#### Data for this task
****

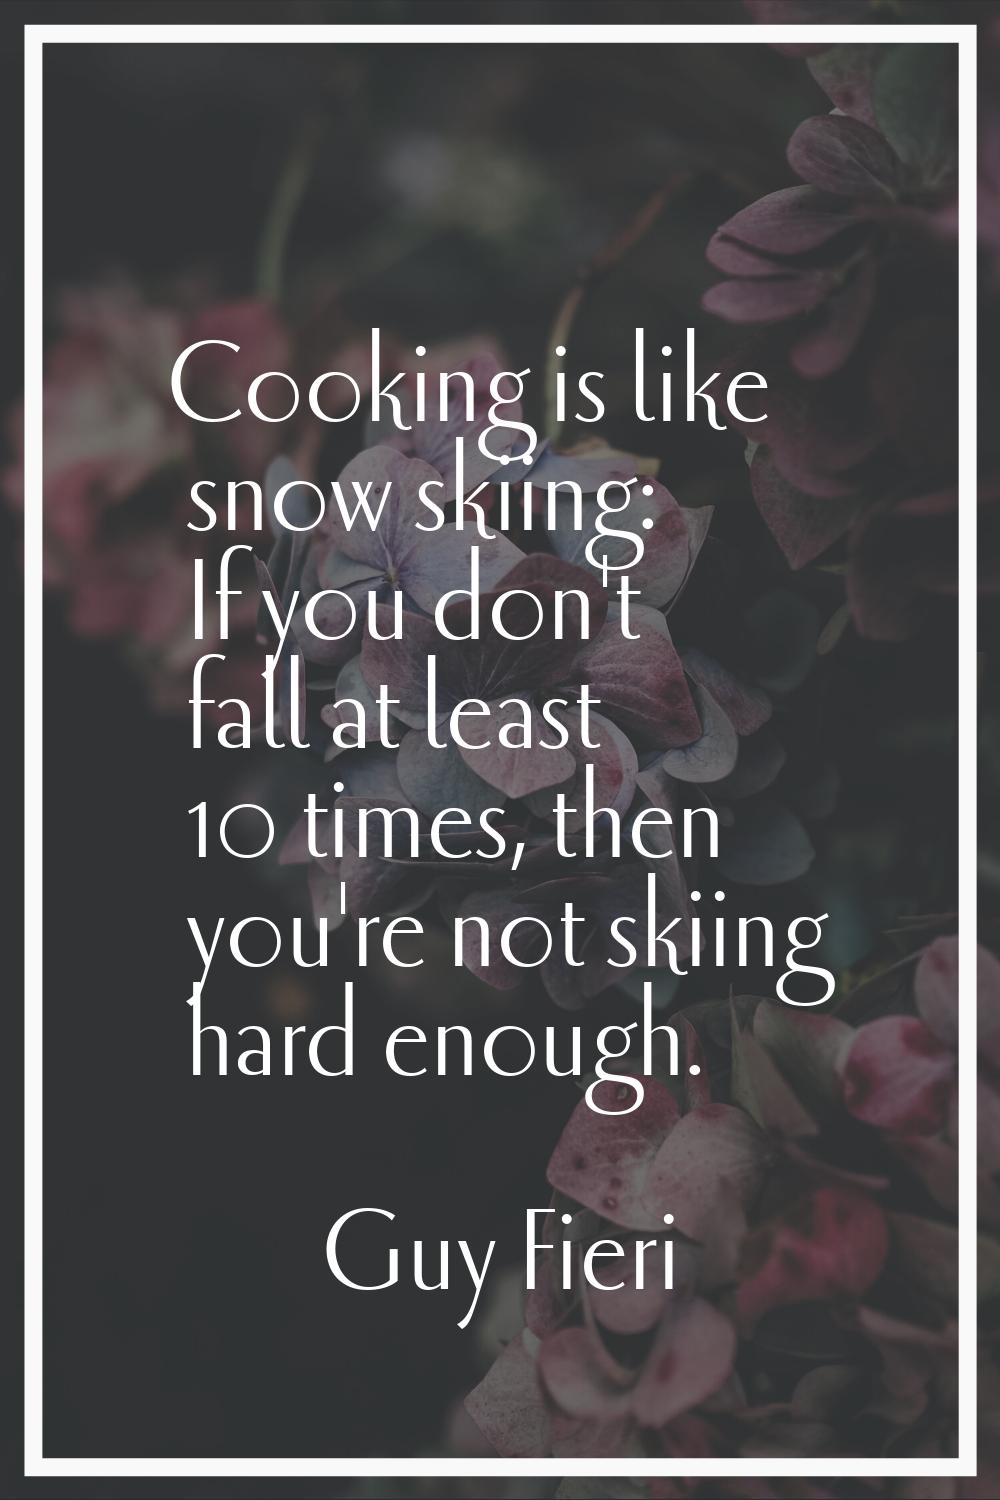 Cooking is like snow skiing: If you don't fall at least 10 times, then you're not skiing hard enoug
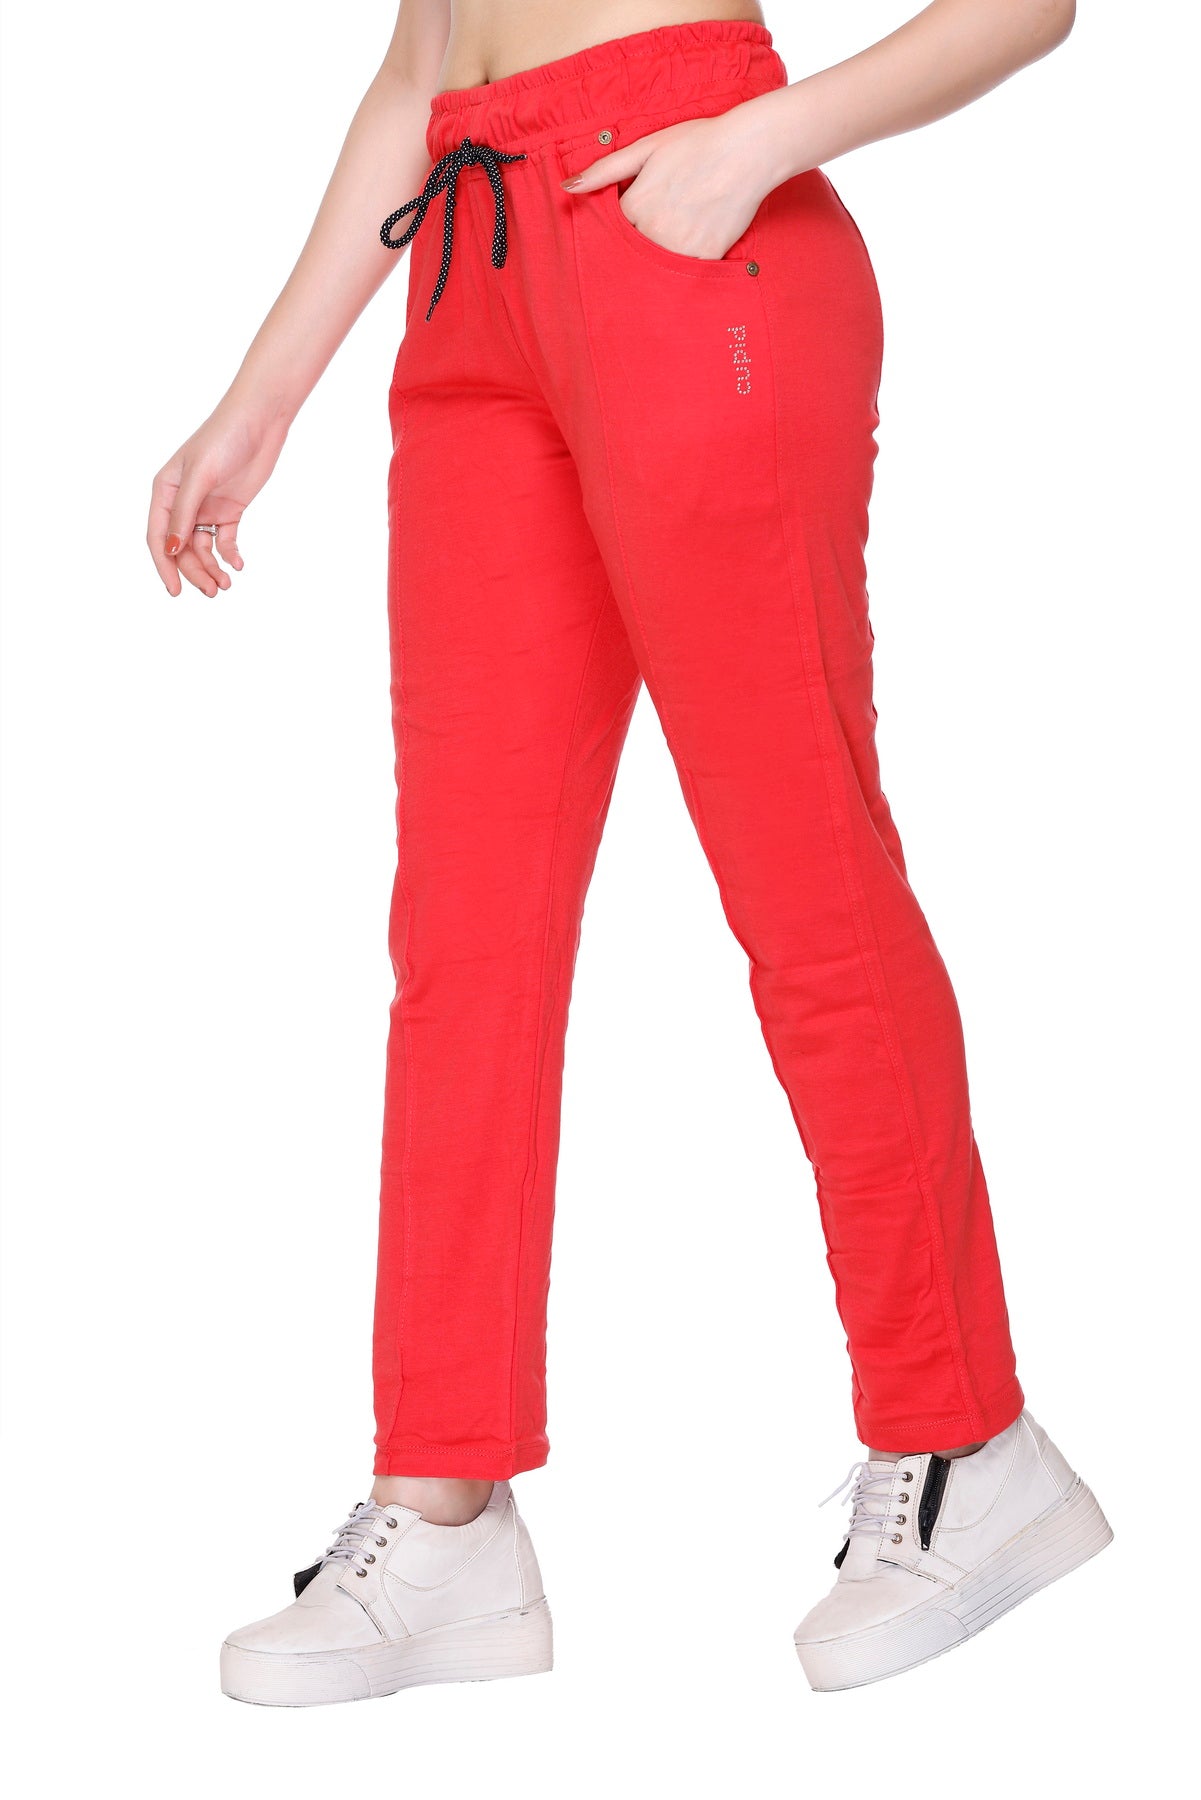 Cotton Track Pants For Women Pack of 2  (Blush Pink/Red)
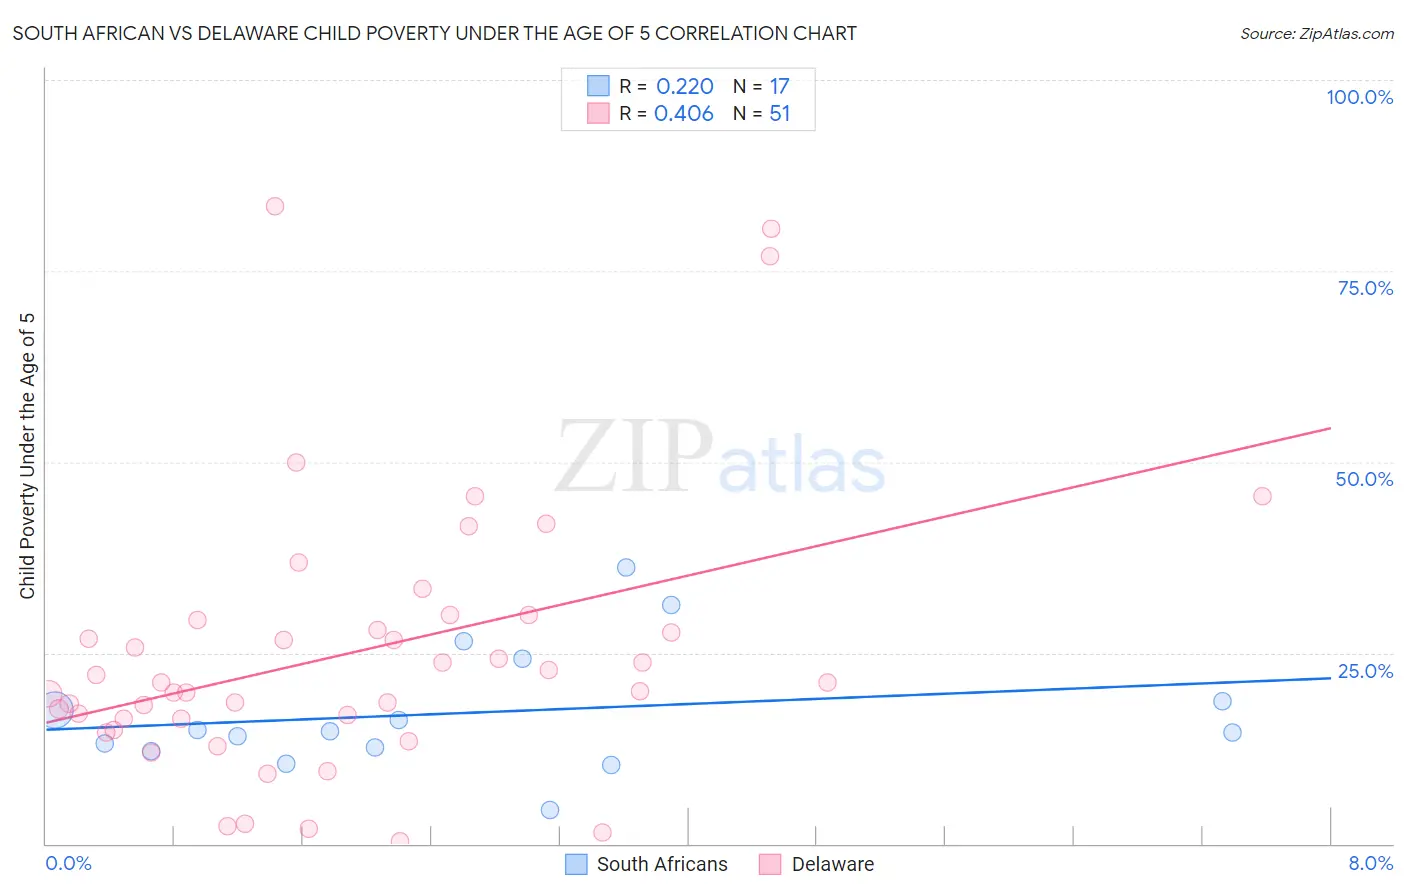 South African vs Delaware Child Poverty Under the Age of 5
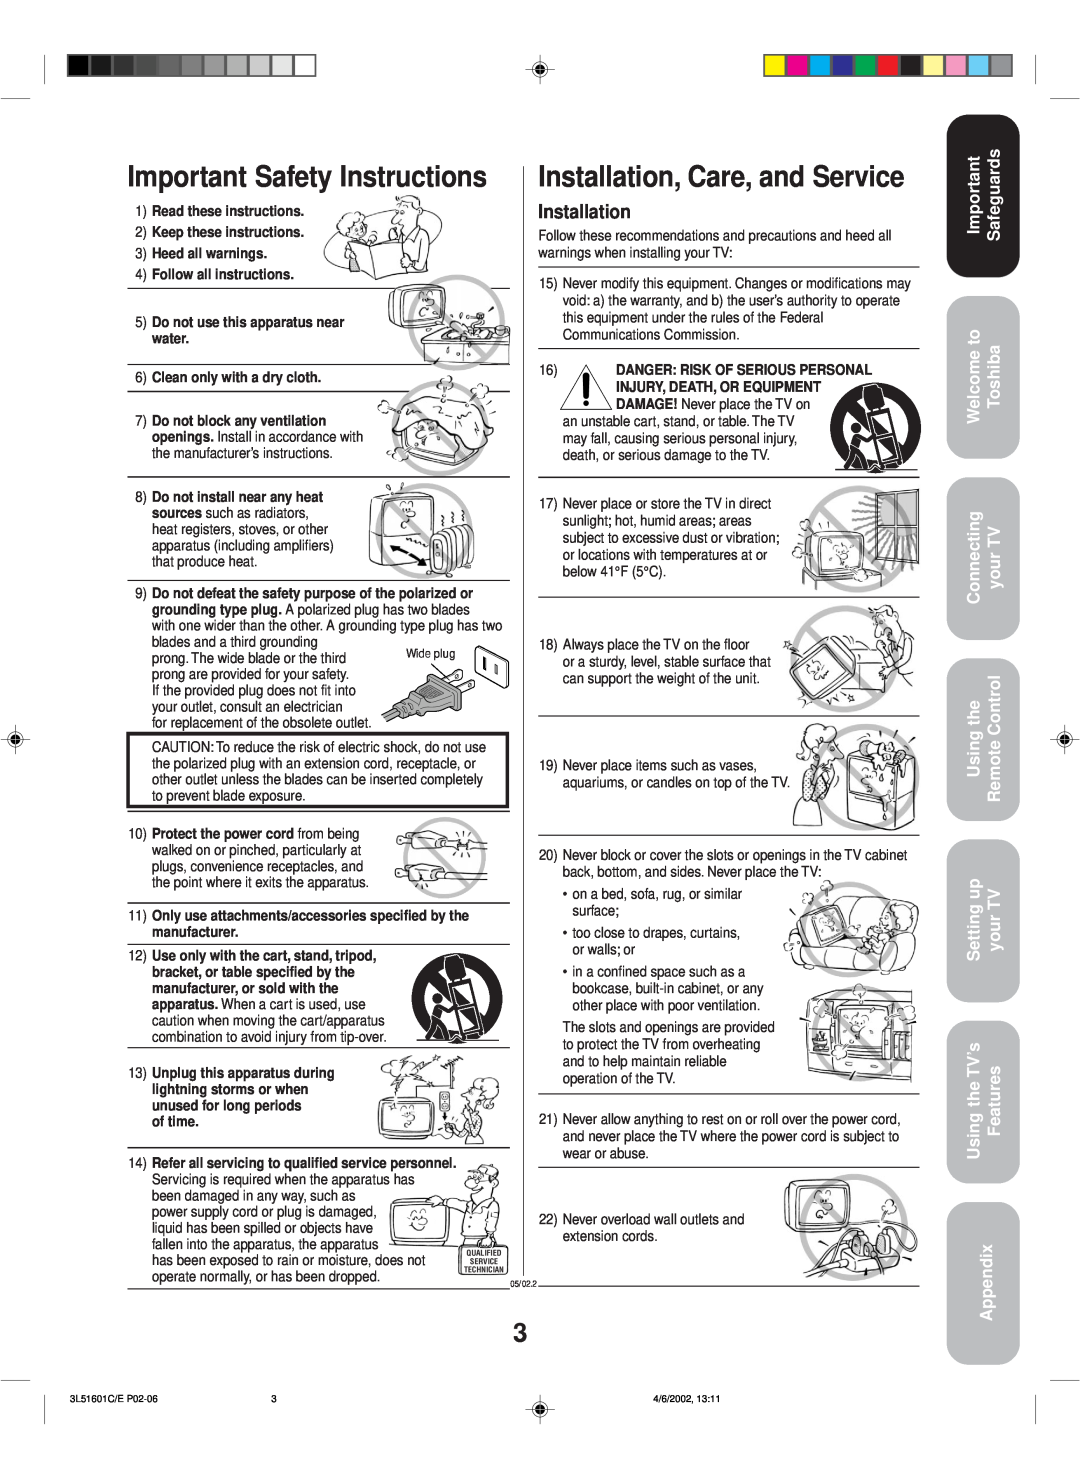 Toshiba TV 27A42 appendix Important Safety Instructions, Installation, Care, and Service, Safeguards, of time 
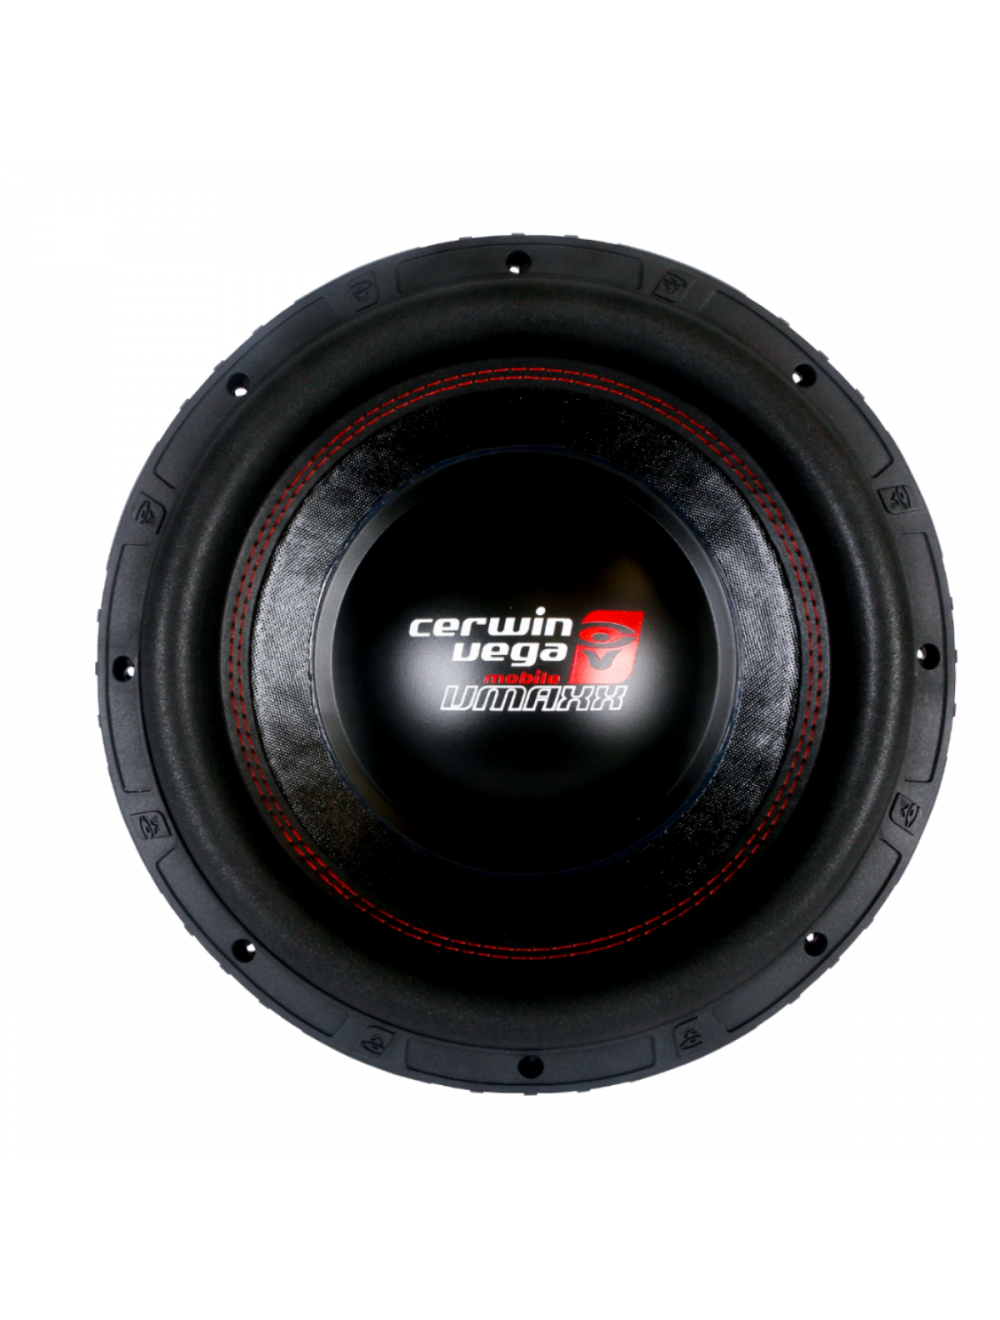 Cerwin Vega VMAX15D4 15" 3000W (1500W RMS) Dual 4 ohm High-Performance Subwoofer

****

Copy nothing but the lines from the top of the material through the line holding "South African vs", exactly as written; omit pictures.

 Cooking is like snow skiing: If you don't fall at least 10 times, then you're not skiing hard enoug
 Cotton Track Pants For Women Pack of 2  (Blush Pink/Red)
 South African vs Delaware Child Poverty Under the Age of 5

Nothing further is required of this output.